Nicolas Cop

Nicolas Cop (* around 1501 in Paris, † 1540; well Nicolaus Cop, Nicholas Copus; Kopp; fr: . Nicola ) was a rector and physicians.

Life

He was the youngest son of William Kopp, the personal physician to the French king Francis I and a friend of Erasmus of Rotterdam. His brothers Jean and Michel were canons and legal adviser in Paris or pastor in Geneva.

Cop studied in Paris philosophy and medicine, taught philosophy from 1530 at the Collège Sainte -Barbe and was appointed on October 10, 1533 as Rector of the University of Paris. His successor at the Collège Sainte -Barbe was the Portuguese humanist and educator André de Gouveia. He was friends with the king's sister Margaret of Navarre. He used his position to rehabilitate their work Le Miroir de l' âme Pecheresse.

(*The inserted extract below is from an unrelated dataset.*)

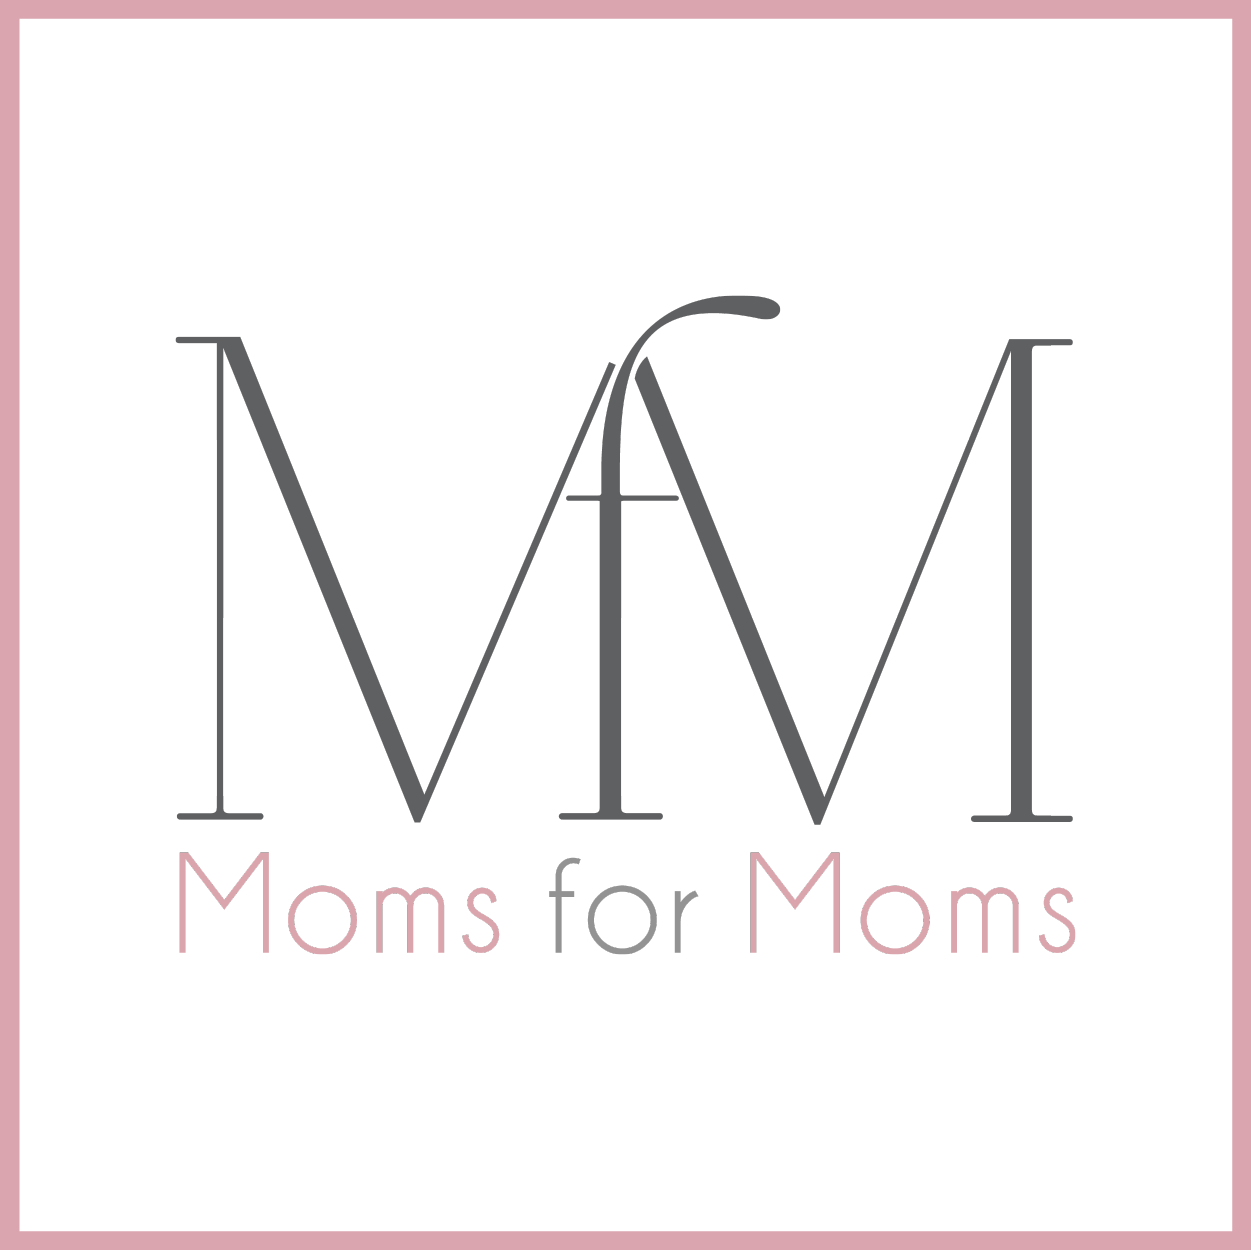 CHARITY SPOTLIGHT: MOMS FOR MOMS

After his Protestant colored inaugural speech of November 1, 1533 which arose most likely with the participation of John Calvin, both had to flee from Paris. Cop went up in February 1534 to Basel and then met in Freiburg with Erasmus and Ludwig Baer. He maintained contact with the reformers in Strasbourg and Ludovicus Carinus, whom he knew well from Paris.

He went back to Paris, where he acquired the medical licentiate in May 1536. The following year he was recalled to Scotland, where the newly married Madeleine was suffering from France. He also taught medicine at the University of Paris, but died suddenly in winter 1539/40.